Dataset extract –
== Segment start ==
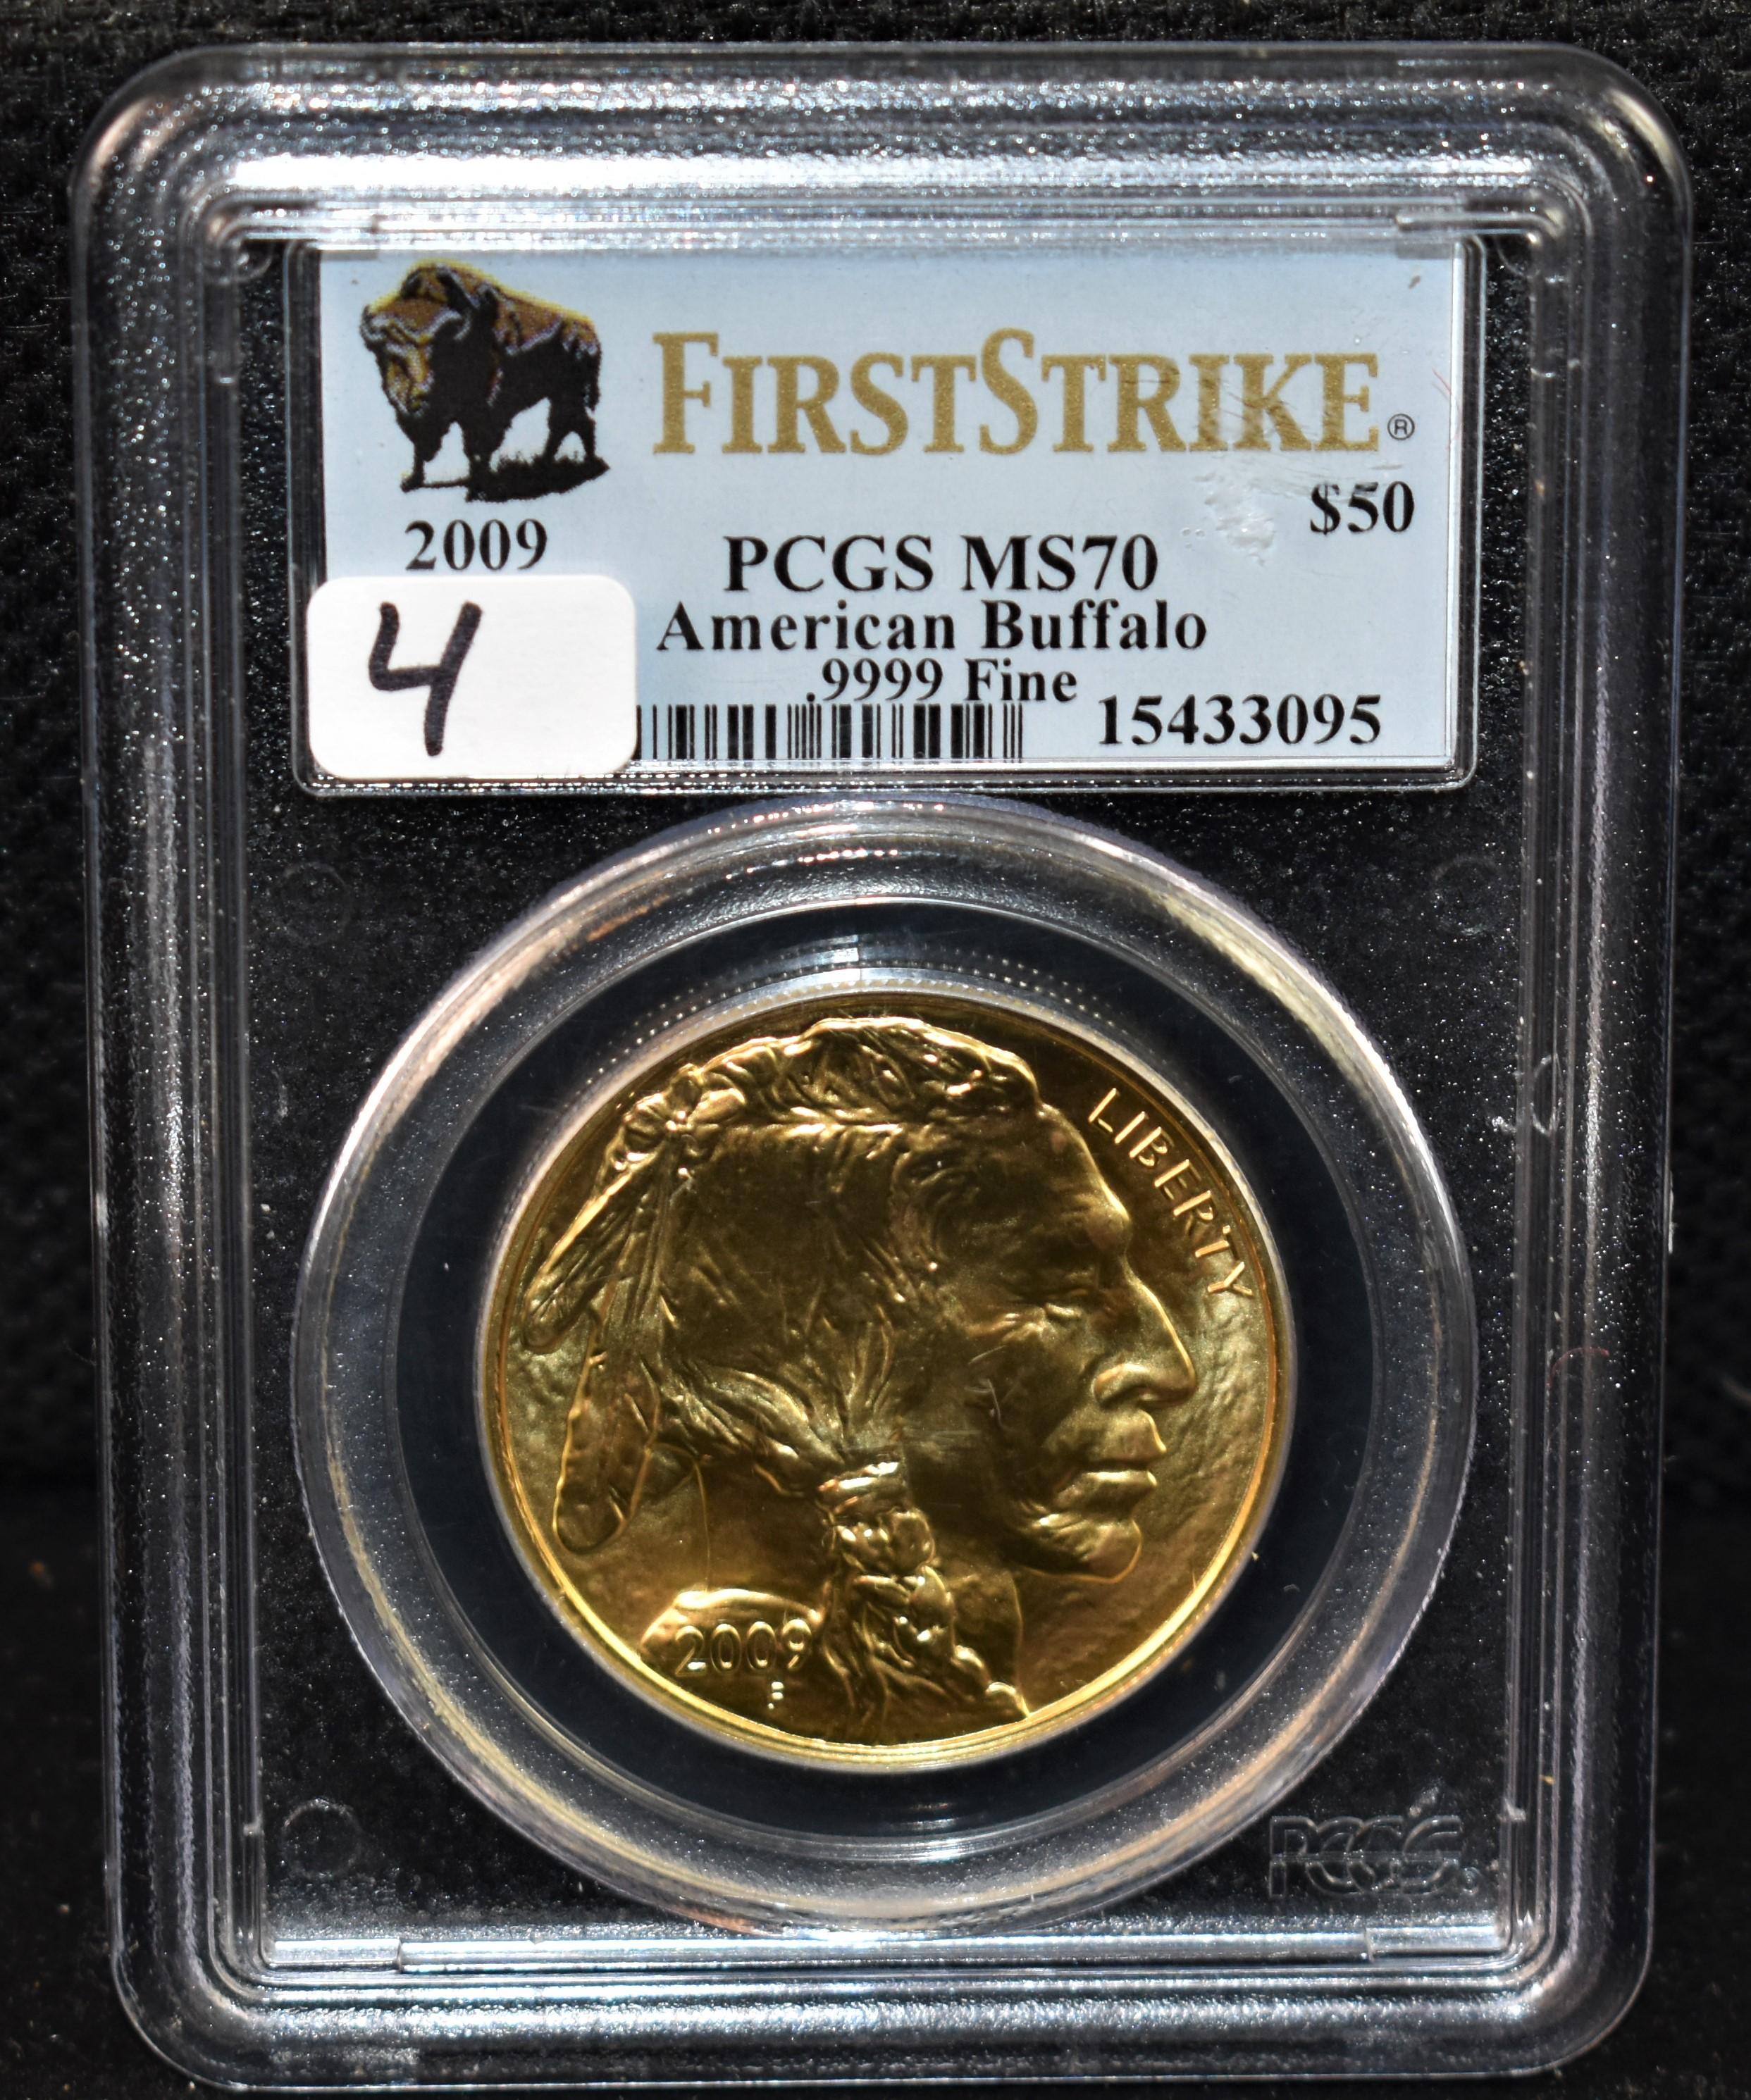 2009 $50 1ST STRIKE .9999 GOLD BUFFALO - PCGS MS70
== Segment end ==
== Segment start ==
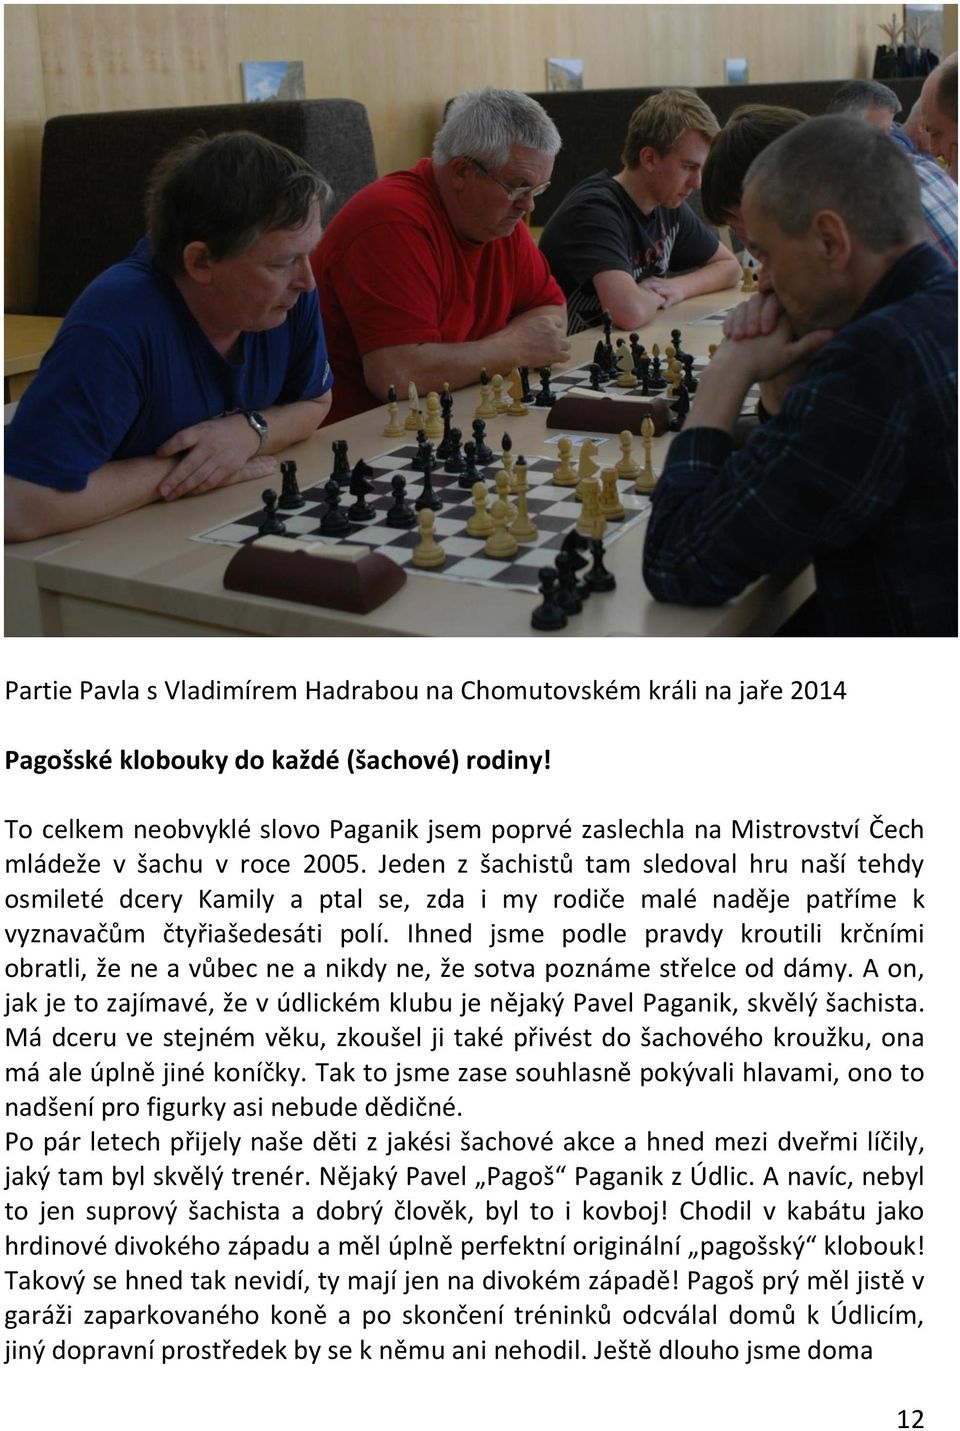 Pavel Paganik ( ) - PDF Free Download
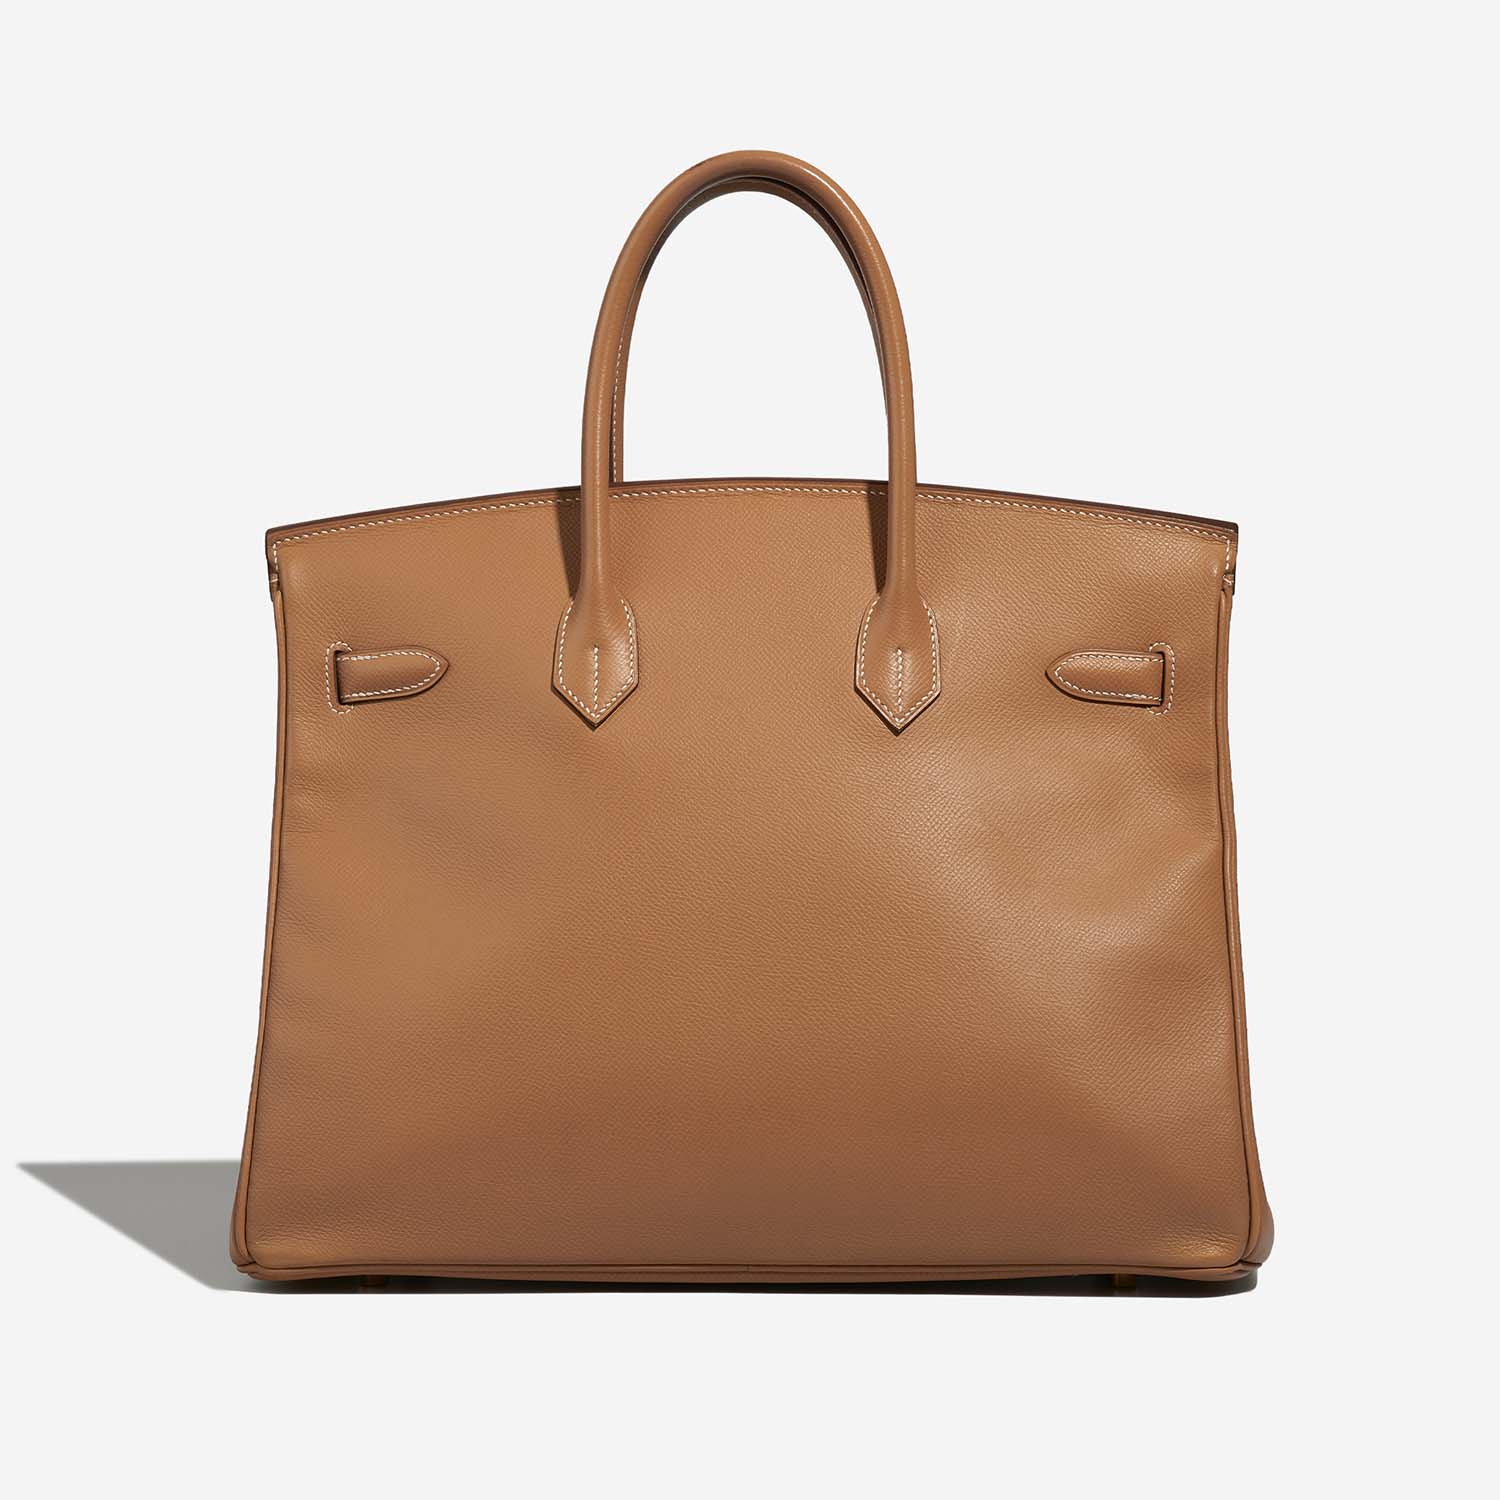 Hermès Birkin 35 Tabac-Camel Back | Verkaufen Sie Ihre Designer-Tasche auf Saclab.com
== Segment end ==
Start at the line containing "Pavel Paganik ( ) - PDF Free Download" above and stop at the line containing "Hermès Birkin 35". Output those lines exactly, both included, but none of the pictures.

 Pavel Paganik ( ) - PDF Free Download
 Hermès Birkin 35 Tabac-Camel Back | Verkaufen Sie Ihre Designer-Tasche auf Saclab.com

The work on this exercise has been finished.